New Zealand Dairy Foods earned a $10.91 million net profit for the half-year to November 30, but will pay no dividend.
The result was on revenue of $224.1 million. Profit before unusual items and tax was $18.8 million.
Directors said that the business traded "satisfactorily" during the period.
Year-on-year sales volumes increased by
about 2 per cent, and market shares were steady.
Earnings were expected to exceed the 12-month prospectus forecast, partly as a result of the integration of the two domestic business units (beverages and foods), and cost reduction.
The results covered the period from June 22, the date when Graeme Hart's Rank Group took over the company from Fonterra.
The current accounting period will run for 13 months, ending on June 30.
Prior to Rank's purchase, investment bank Cameron & Co forecast earnings before interest and tax of $25 million this year, and $36 million next year.

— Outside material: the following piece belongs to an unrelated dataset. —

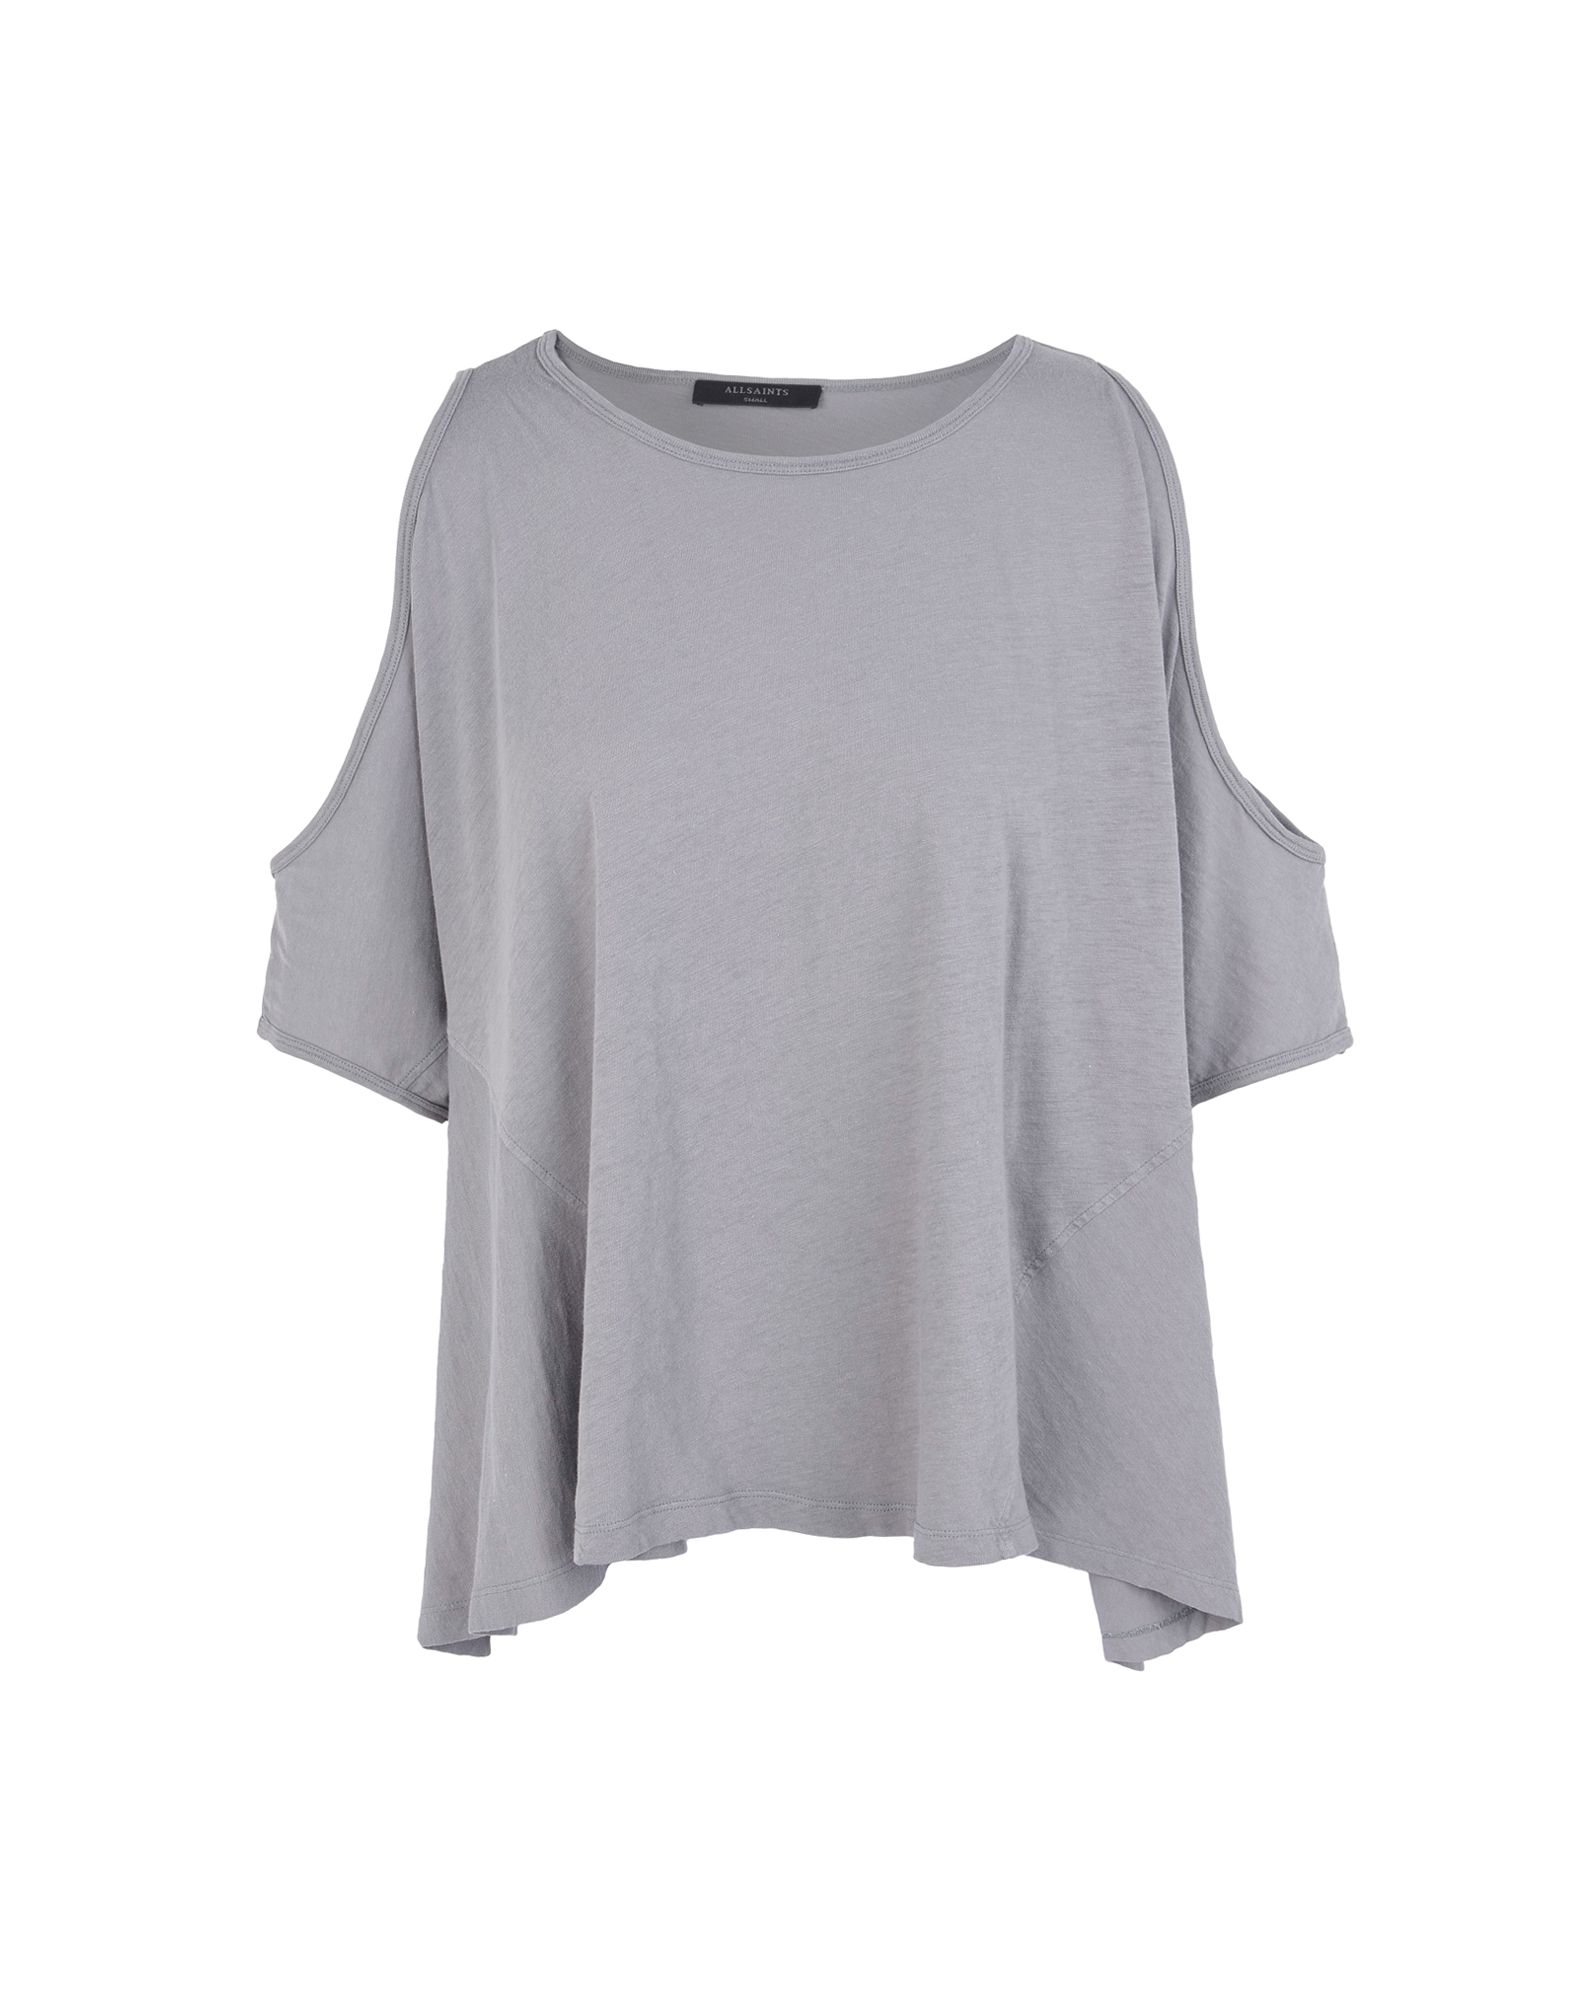 9b5915fbeab0b Allsaints Ella Fifi Tee - T-Shirt - Women Allsaints T-Shirts online on YOOX  Romania - 12208089JO

Burns Philp, controlled by Hart, has been picked to buy NZDF as part of its takeover bid of Australian company Goodman Fielder.
Since November 30, the company has entered into a four-year senior debt facility with Credit Suisse First Boston for up to $209 million.
It has drawn down that debt to $131 million, to repay existing bank debt with the Bank of New Zealand, for general working capital purposes, and for payments to the group's shareholder.
NZDF's brands include Anchor, Primo and Chesdale.